Problem statement —
Before printing the listing, strip out its pictures and keep everything else exact.

Dataset content —
* * * * *

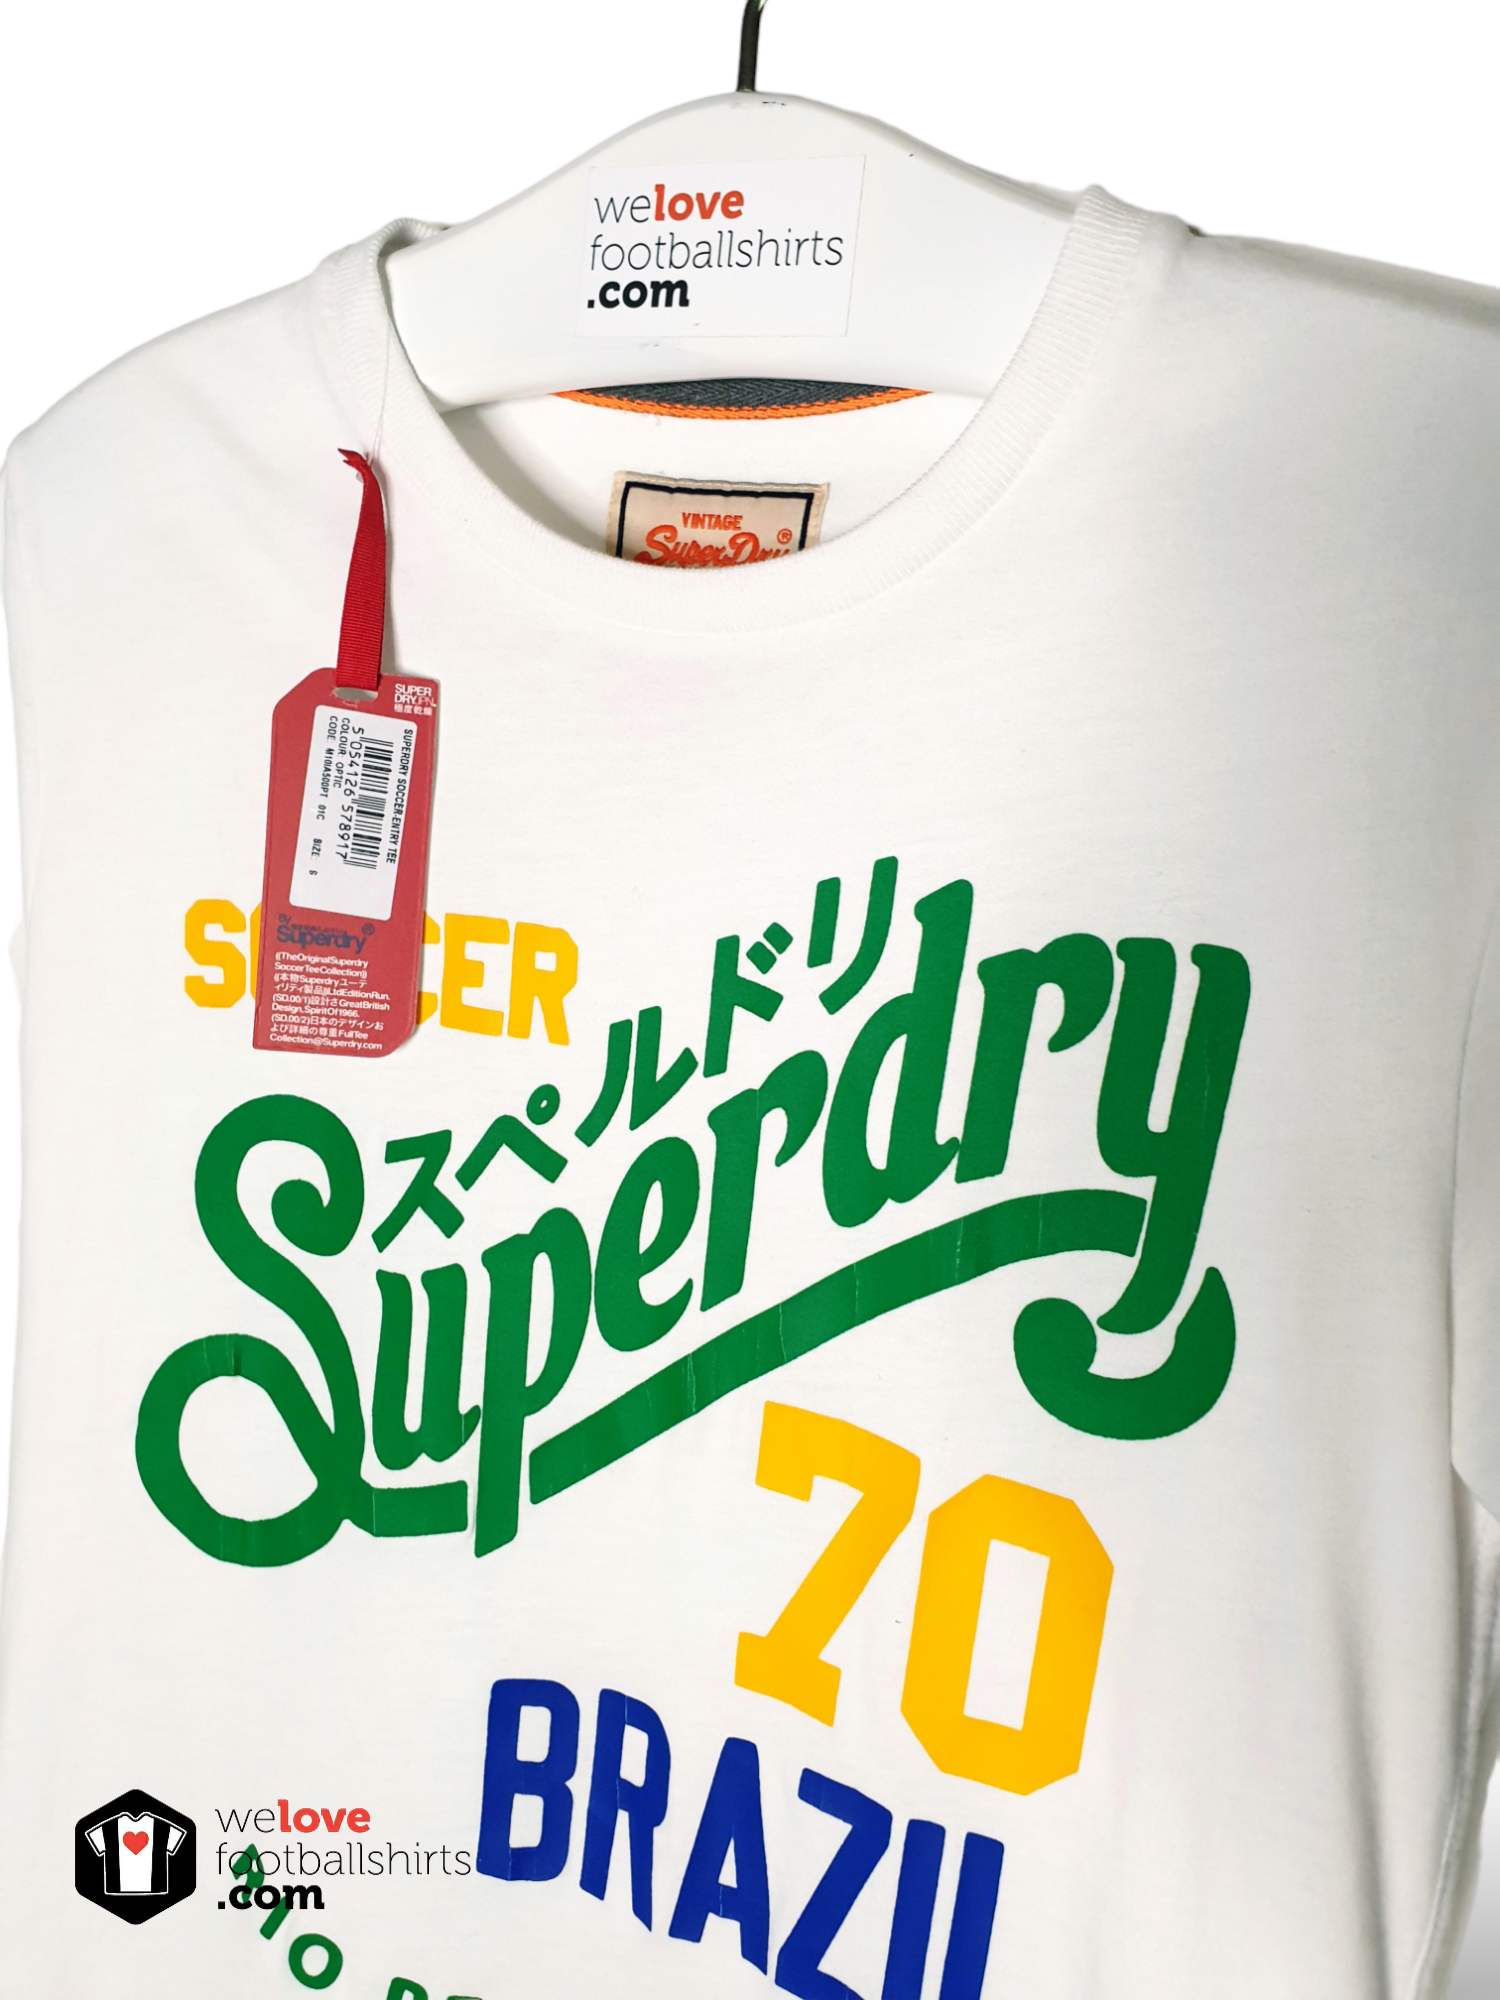 Fanwear cotton football vintage t-shirt Superdry Brasil 70
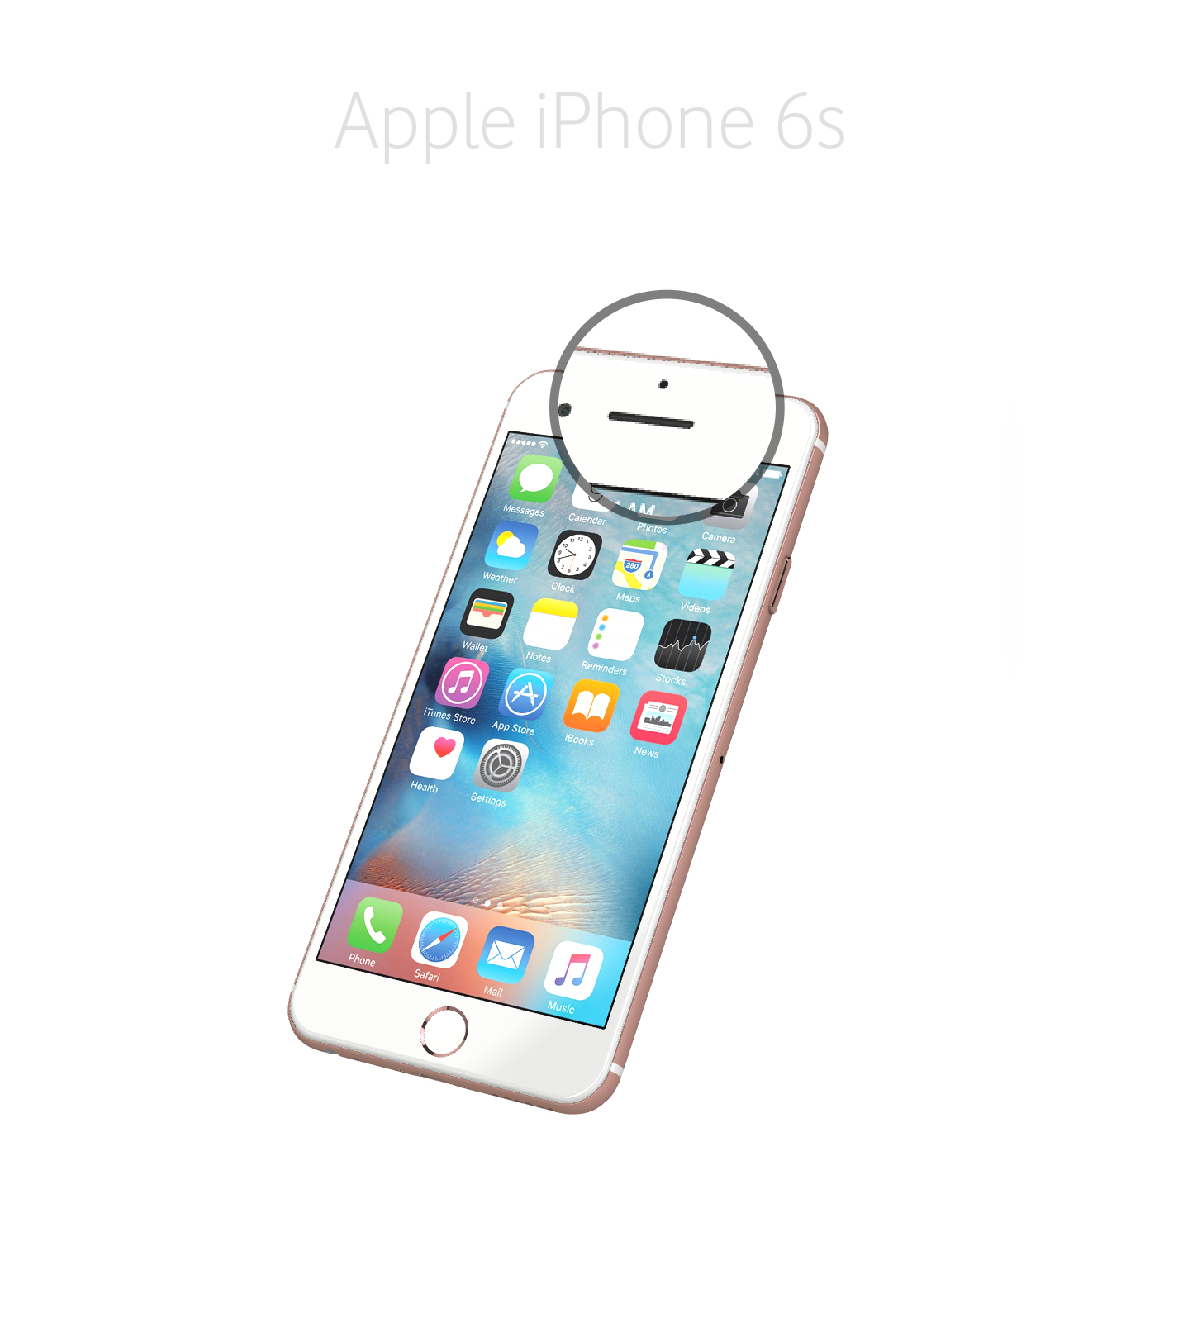 Laga samtalshögtalare iPhone 6s
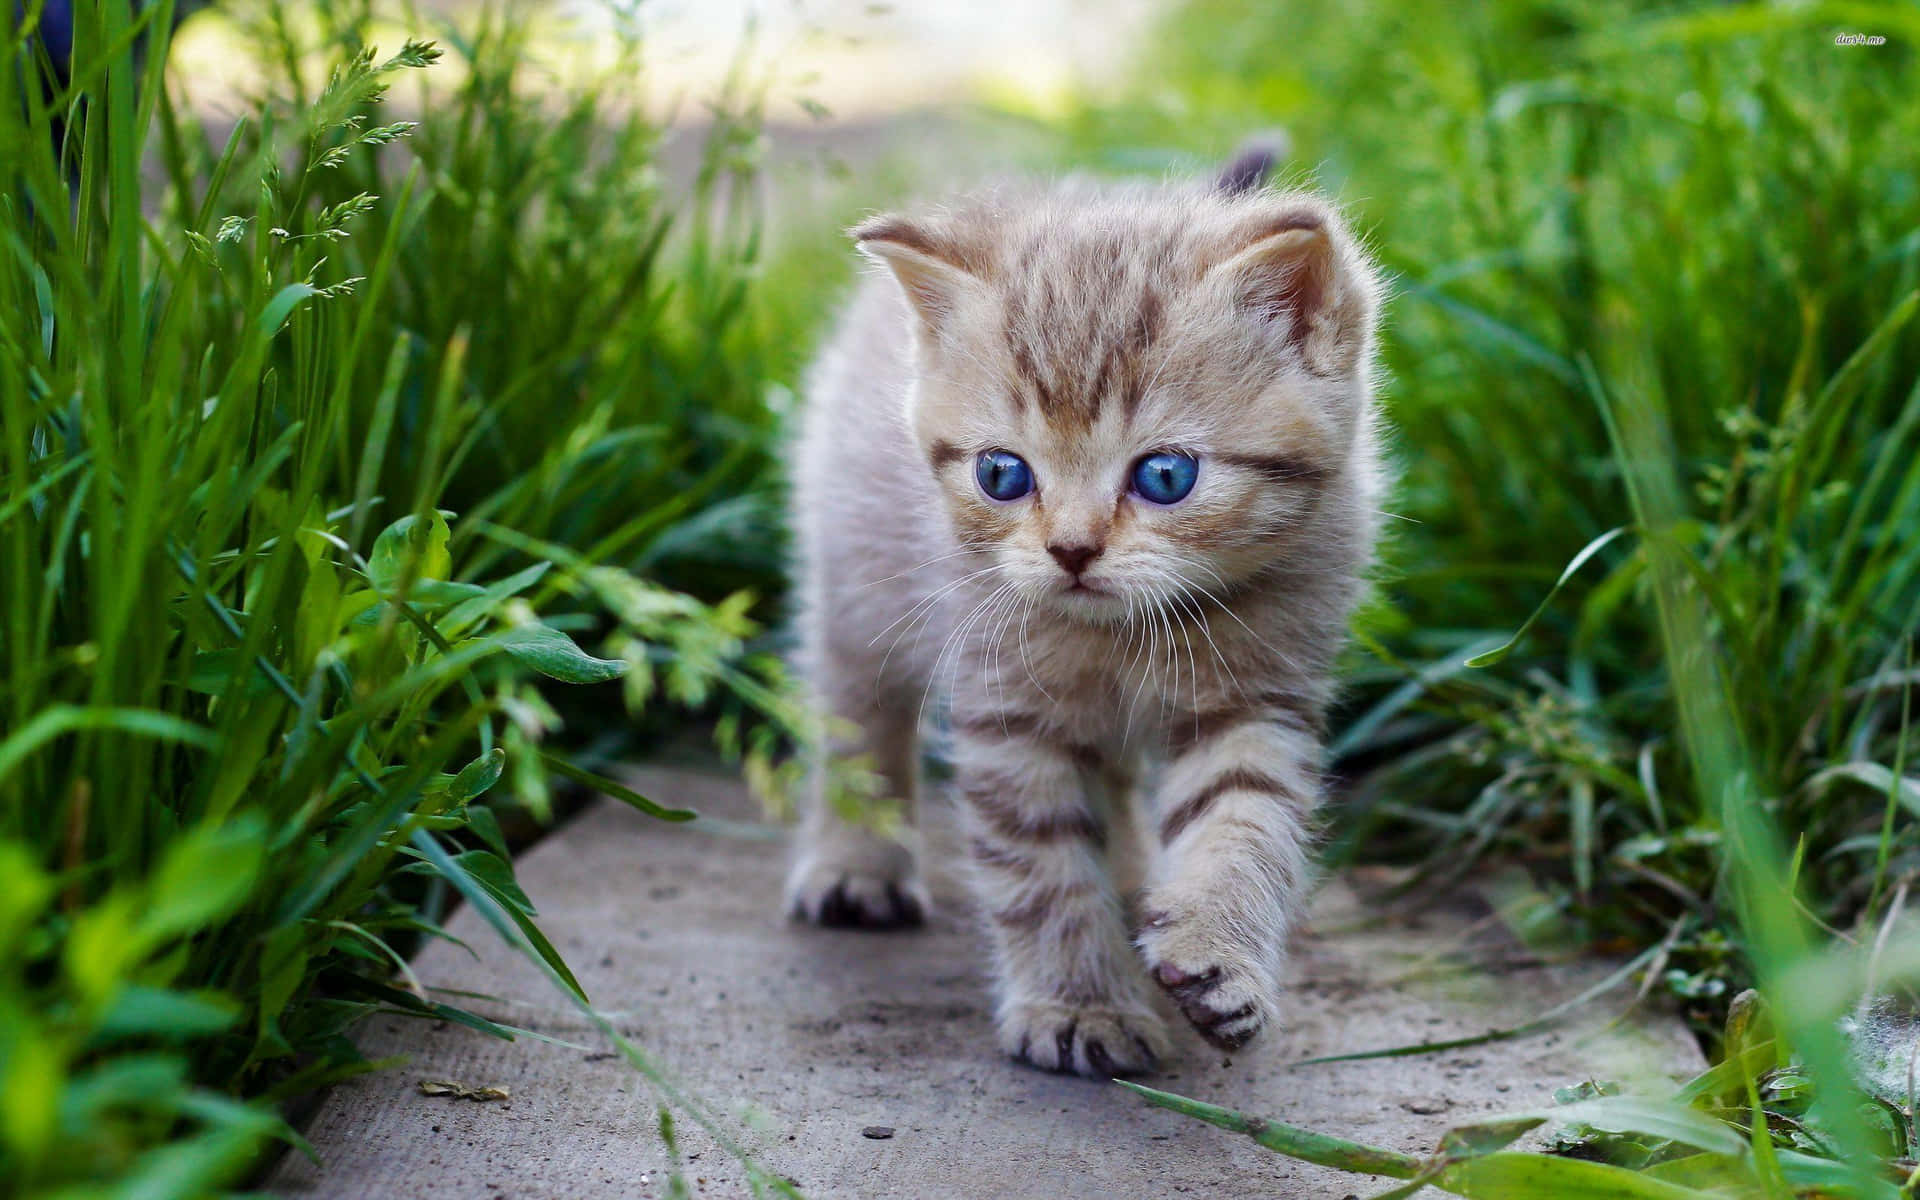 a kitten walking through the grass with blue eyes

* * * * *

Answer to this exercise —
 Fanwear cotton football vintage t-shirt Superdry Brasil 70
 Laga samtalshögtalare iPhone 6s
 a kitten walking through the grass with blue eyes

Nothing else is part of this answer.